Restate the data below word for word, omitting pictures.

### Collected data
▼▼▼

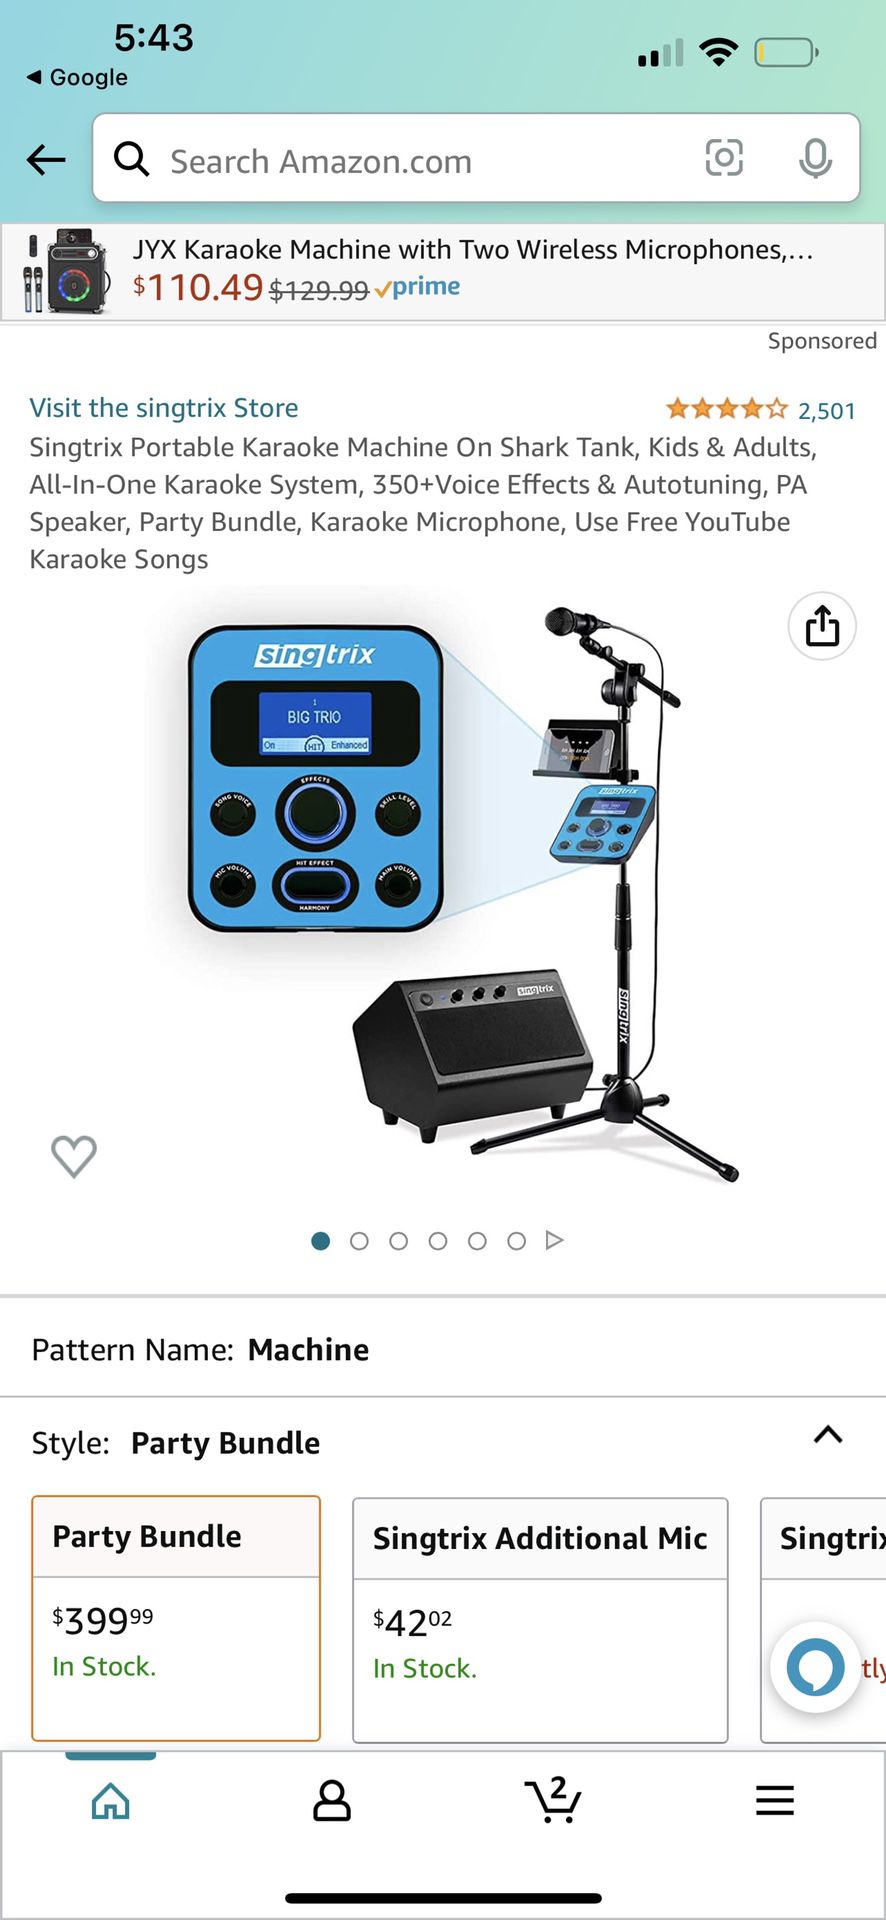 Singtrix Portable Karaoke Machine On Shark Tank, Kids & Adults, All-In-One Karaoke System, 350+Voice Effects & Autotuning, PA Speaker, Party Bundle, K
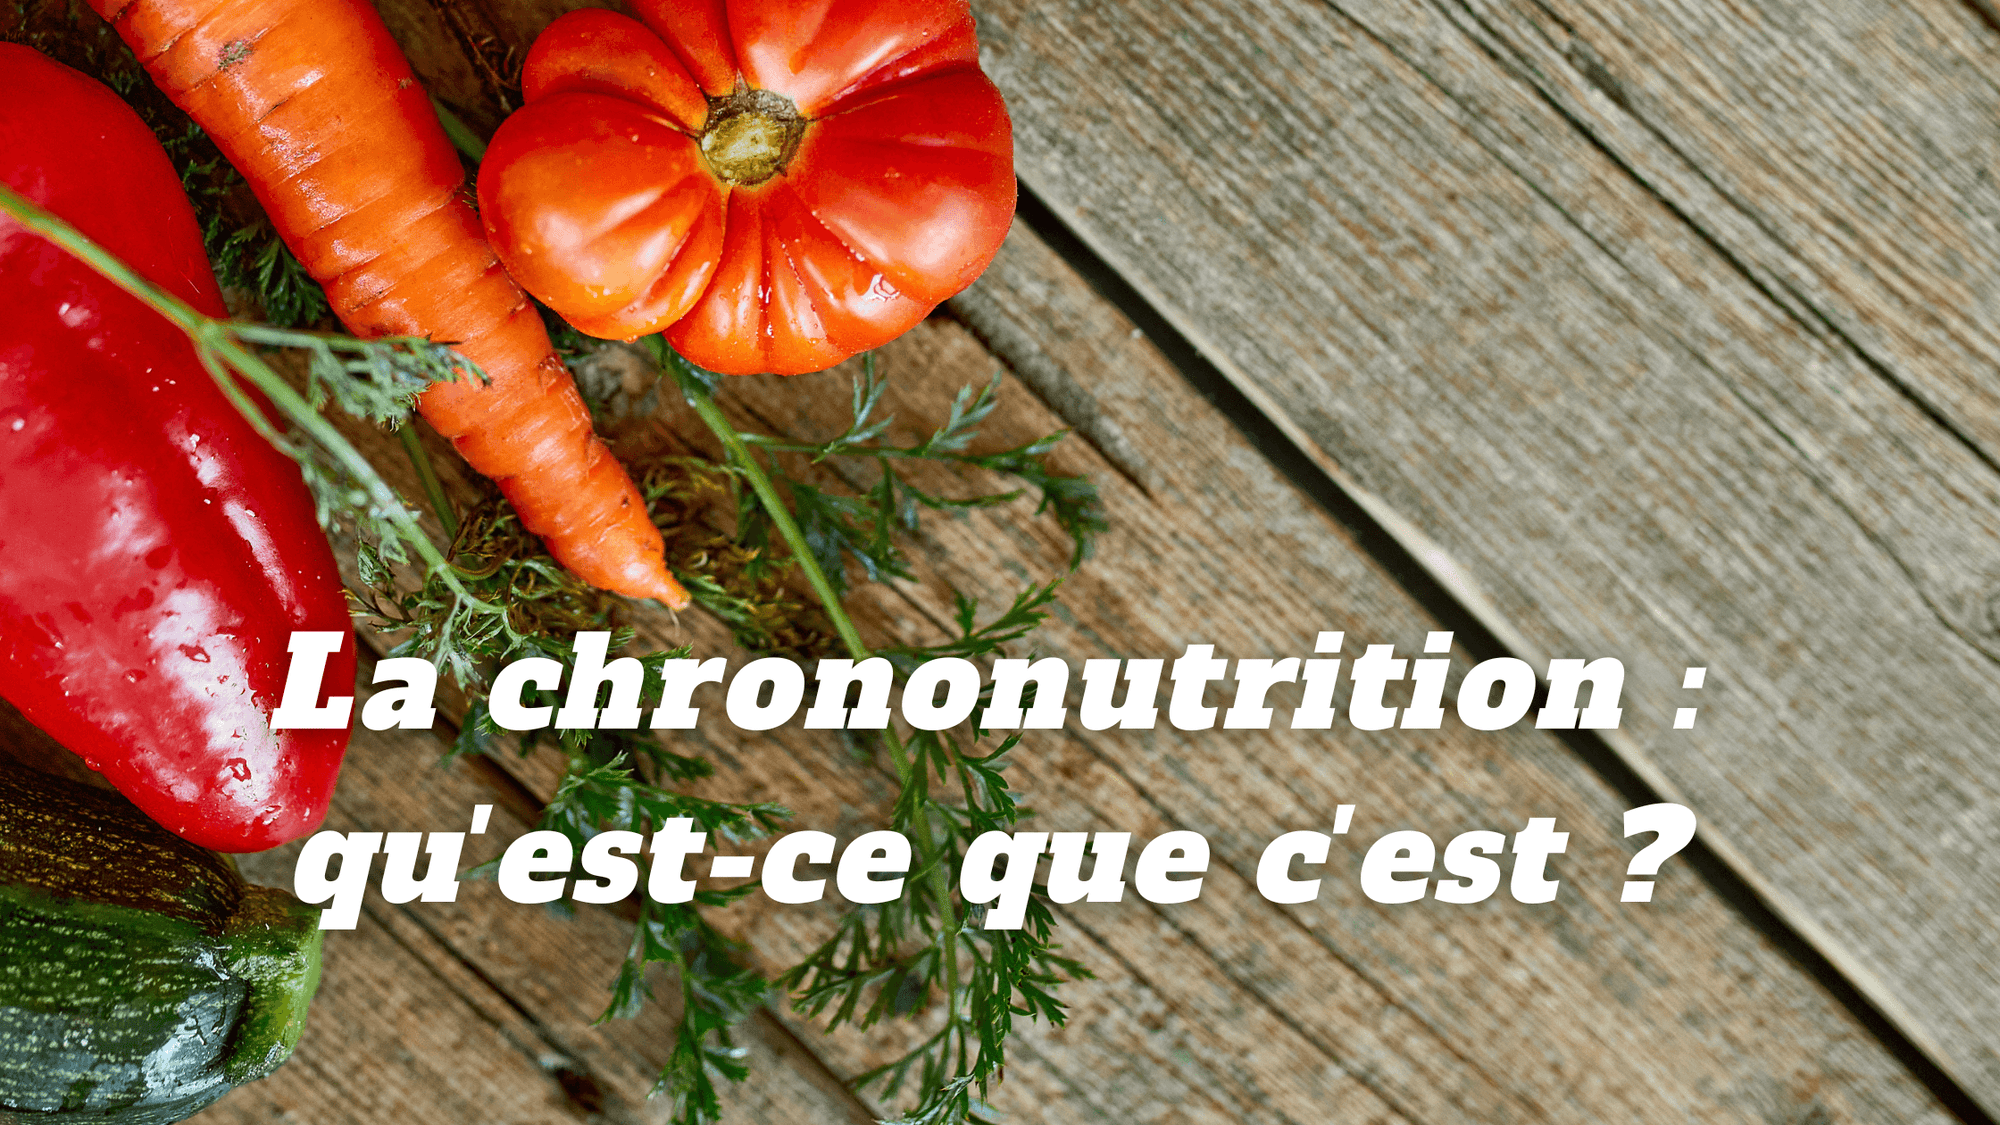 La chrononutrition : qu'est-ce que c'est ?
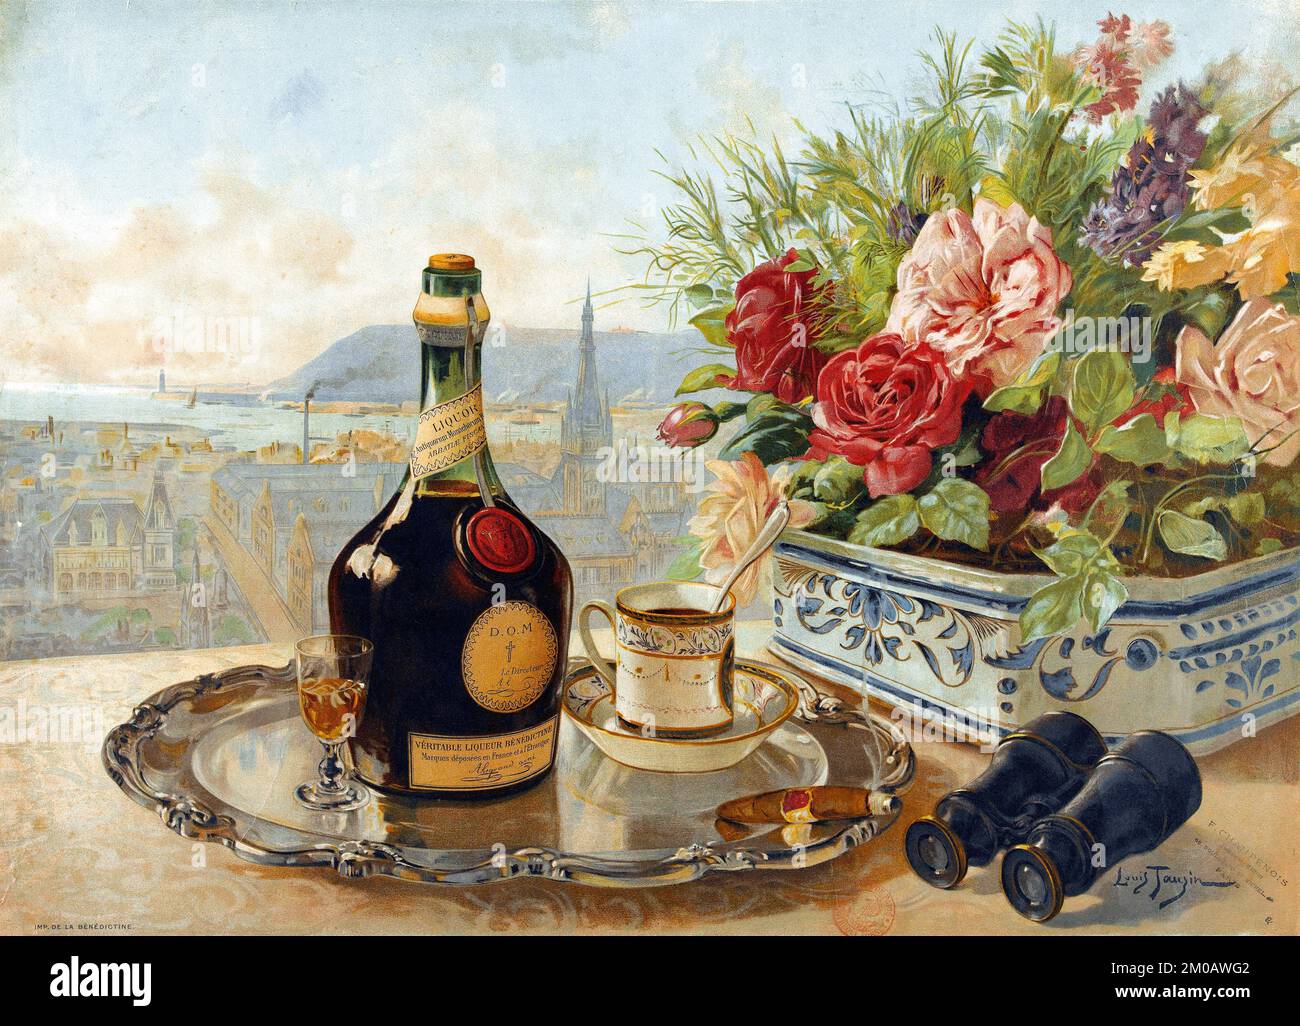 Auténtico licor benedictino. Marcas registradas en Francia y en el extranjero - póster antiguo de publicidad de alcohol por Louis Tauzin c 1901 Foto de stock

▲▲▲

### Problem solution
 Singtrix Portable Karaoke Machine On Shark Tank, Kids & Adults, All-In-One Karaoke System, 350+Voice Effects & Autotuning, PA Speaker, Party Bundle, K
 La chrononutrition : qu'est-ce que c'est ?
 Auténtico licor benedictino. Marcas registradas en Francia y en el extranjero - póster antiguo de publicidad de alcohol por Louis Tauzin c 1901 Foto de stock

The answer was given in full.